[martinw]

DAK3333,



As for gantry top beams, you are right about other profiles specifically rectangle and rectangle tube being better. I did the calculations with square beams mainly because it was simple and gave some intuitive feel for the materials for those who don't have a complete grasp of moments of inertia and flexure.


Deflection is inversely proportional to the fourth power of the depth of the beam so profile does matter much. Thus square is suboptimal for minimum deflection but it's easier to visualize.



--Cameron

Dear Cameron,

Moment of inertia is a measure of any section's property to resisit bending deflection, I.

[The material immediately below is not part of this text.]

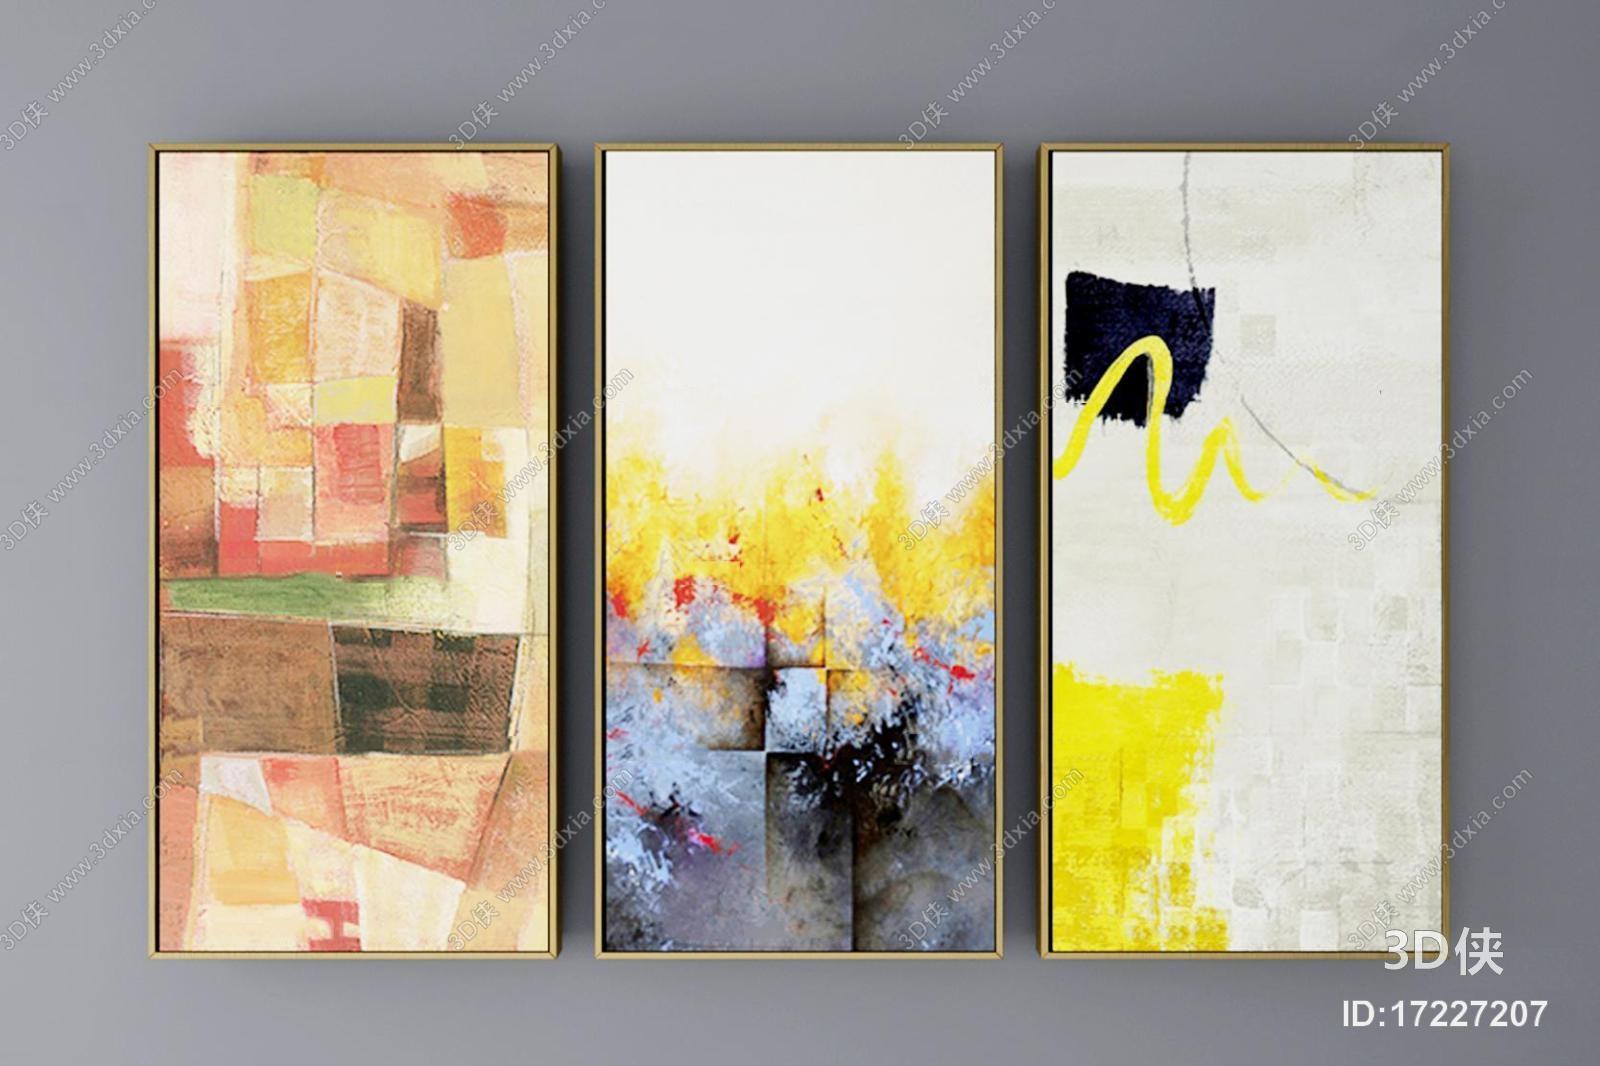 挂画效果图素材免费下载,本作品主题是现代挂画装饰画组合3d模型,编号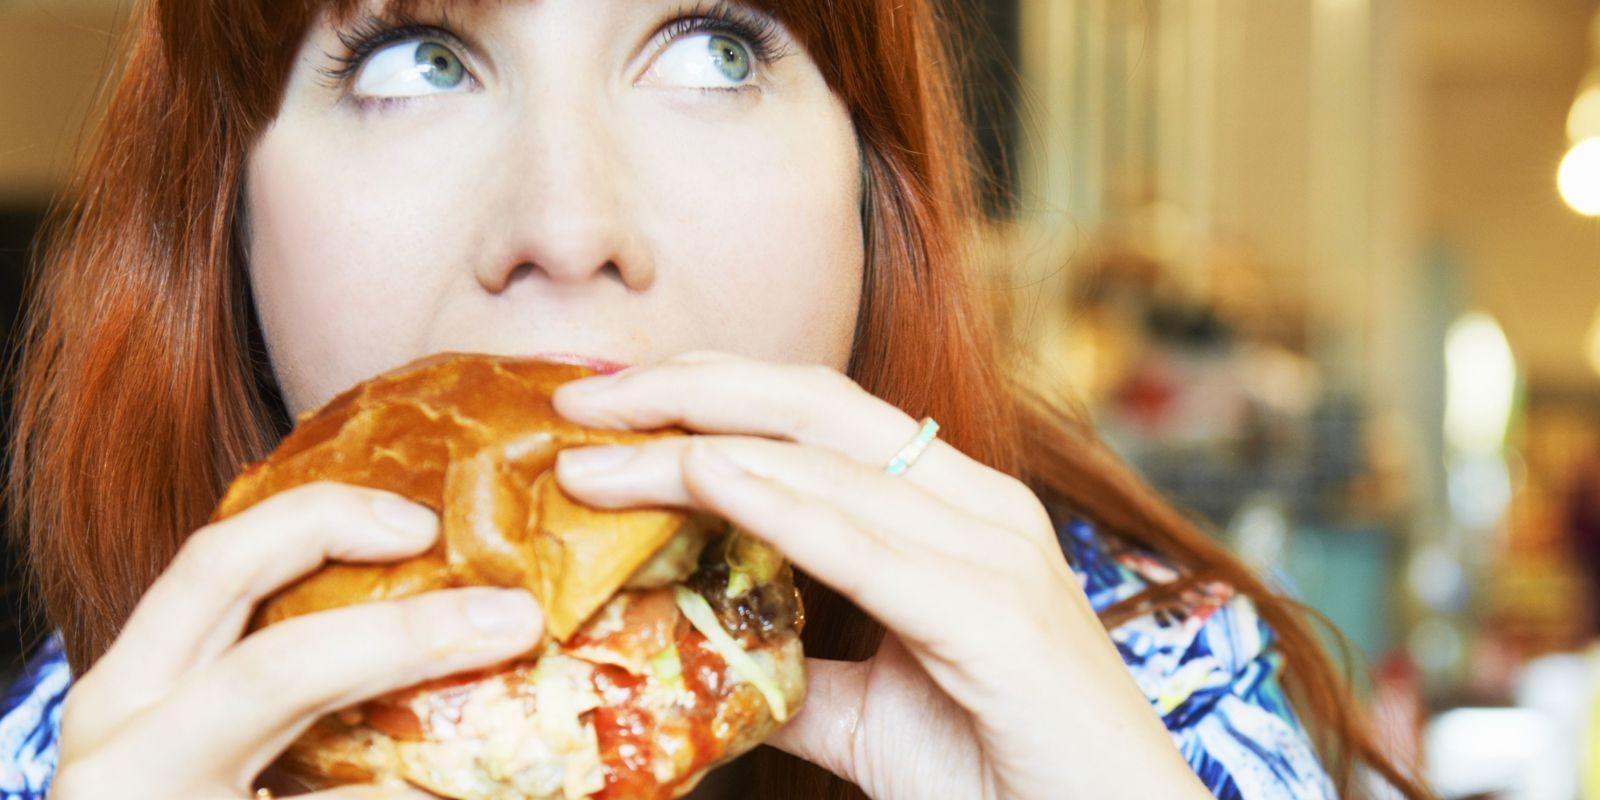 Mangiare troppo, tutte le conseguenze: non c'è solo l'aumento di peso

If b= the width of the section...
and ..

d= the depth of the section

in the particlar case of a square section

I= b^4/12

in the case of a rectangular section...

I=(b*(d^3))/12


That means that deflection is inversely proportional to the third power of the depth, not the fourth power..

IMVVHO, and I have probably got it wrong, yet again..

Best wishes


Martin

[ckelloug]

Martin,

You are absolutely right. That's what I get for not checking the hand book or integrating it out again. Oops!

I'll correct my post.

[walter]

I tested the 14.5% sample from post #1283.

Very poor performance, only 10 ft*lb, but at least we know that epoxy sticks to the aggregates.

This was pretty much expected, these aggregates came from Home Depot and aquarium store- you get what you pay for...
_

[ckelloug]

Awesome Walter,

The picture shows that it broke down the middle of the aggregates like you said. That means the matrix effectively carried the load to the aggregates. I suspect that aggregate much less than twice the void size are probably completely ineffective so I assume that the only aggregate which was particularly effective was the really large stuff.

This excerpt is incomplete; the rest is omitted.